Work to be completed:
Retype all of the listing exactly, with no pictures.

Given data:

┌──

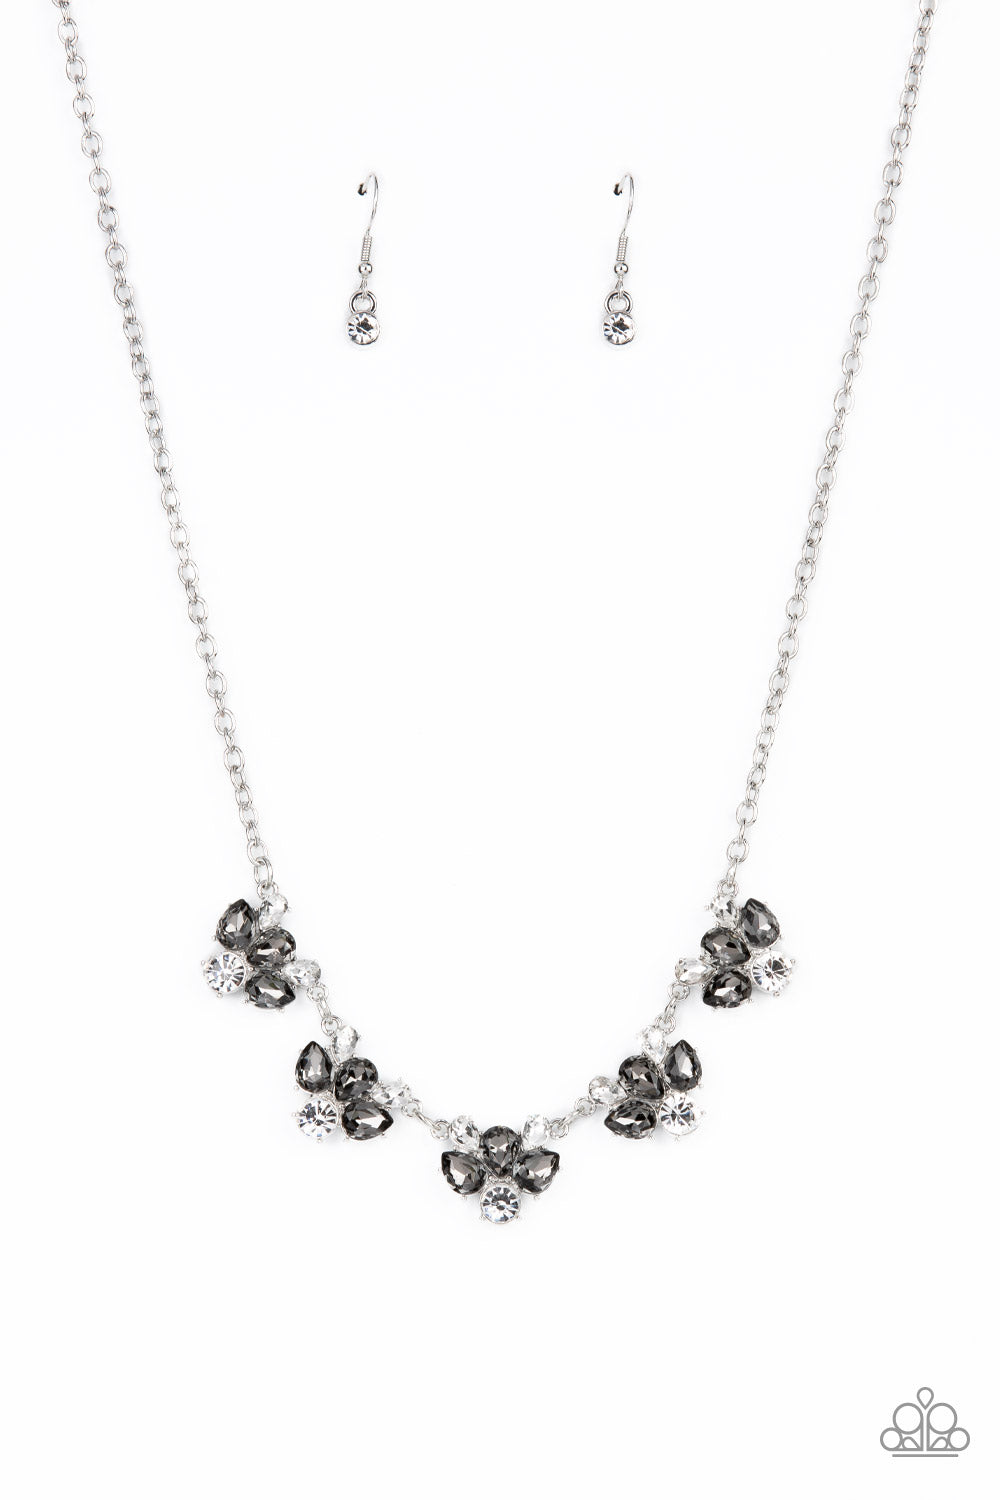 Envious Elegance Silver Necklace - Paparazzi Accessories  Featuring round and teardrop cuts, white and smoky rhinestones delicately link into a sparkling statement piece that results into an envious glow below the collar. Features an adjustable clasp closure.  Sold as one individual necklace. Includes one pair of matching earrings.
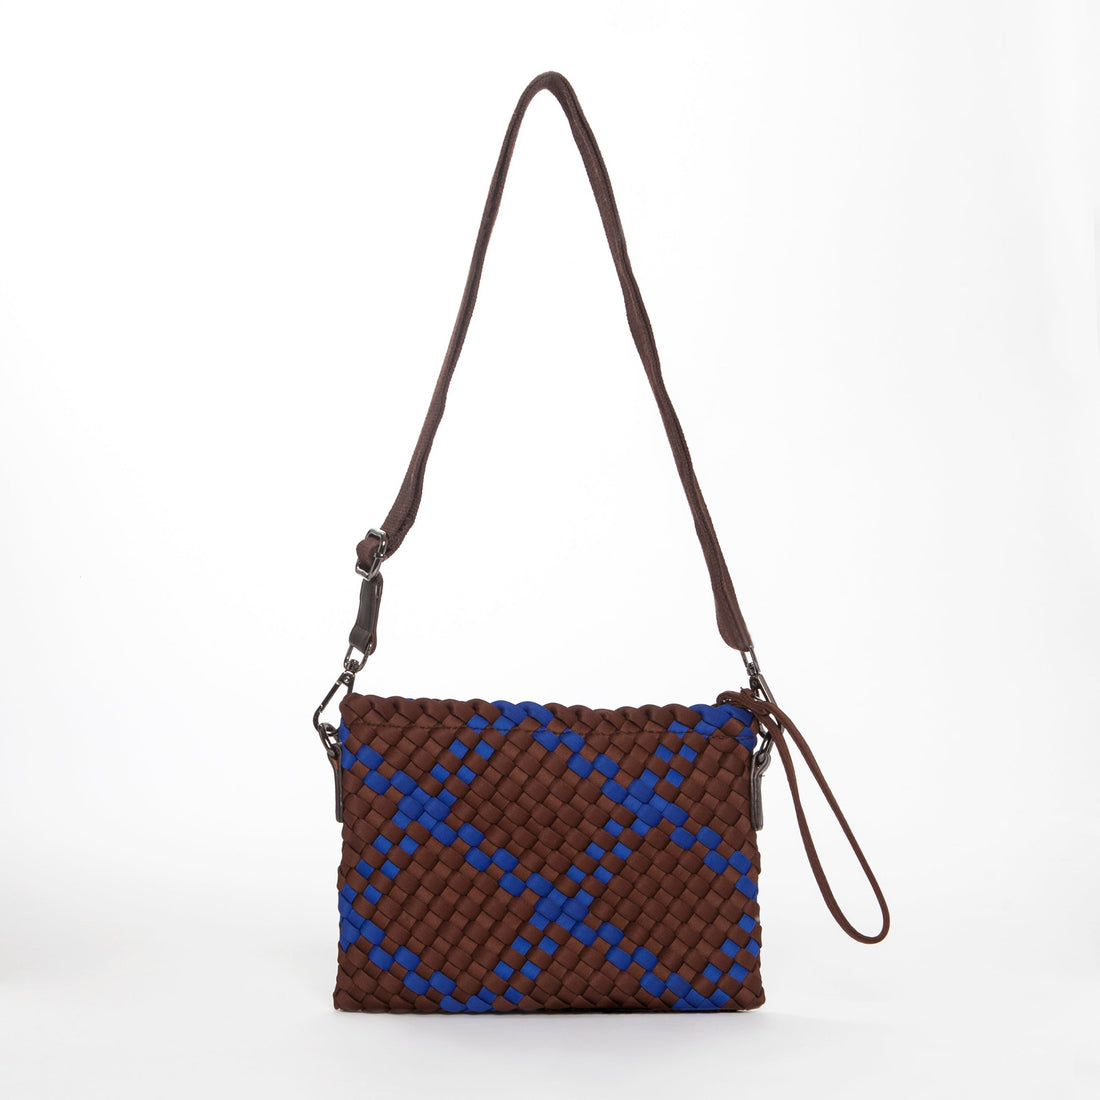 Andreina Bags Brown Blue Sol Crossbody Bag. Perfect to carry essentials. And great for wearing across your body and go. The back to go! So convenient and stylish. Designed in Australia. Brown Blue Crossbody bag. 
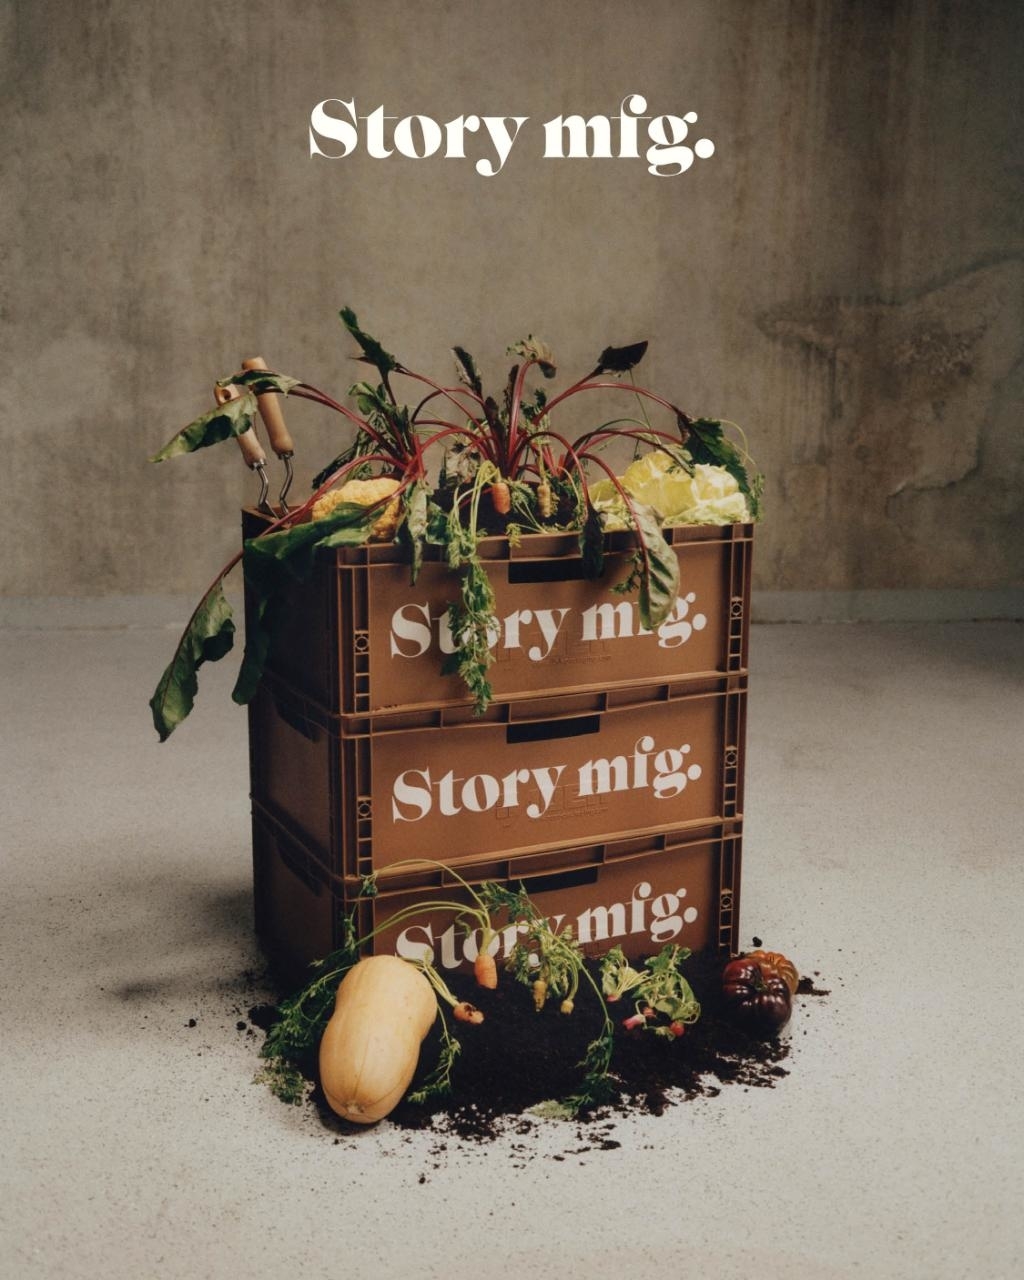 Assorted vegetables spilling out from a stack of wooden crates with &quot;Story mfg.&quot; text overlay

└──

Task solution:
 Envious Elegance Silver Necklace - Paparazzi Accessories  Featuring round and teardrop cuts, white and smoky rhinestones delicately link into a sparkling statement piece that results into an envious glow below the collar. Features an adjustable clasp closure.  Sold as one individual necklace. Includes one pair of matching earrings.
 Andreina Bags Brown Blue Sol Crossbody Bag. Perfect to carry essentials. And great for wearing across your body and go. The back to go! So convenient and stylish. Designed in Australia. Brown Blue Crossbody bag. 
 Assorted vegetables spilling out from a stack of wooden crates with &quot;Story mfg.&quot; text overlay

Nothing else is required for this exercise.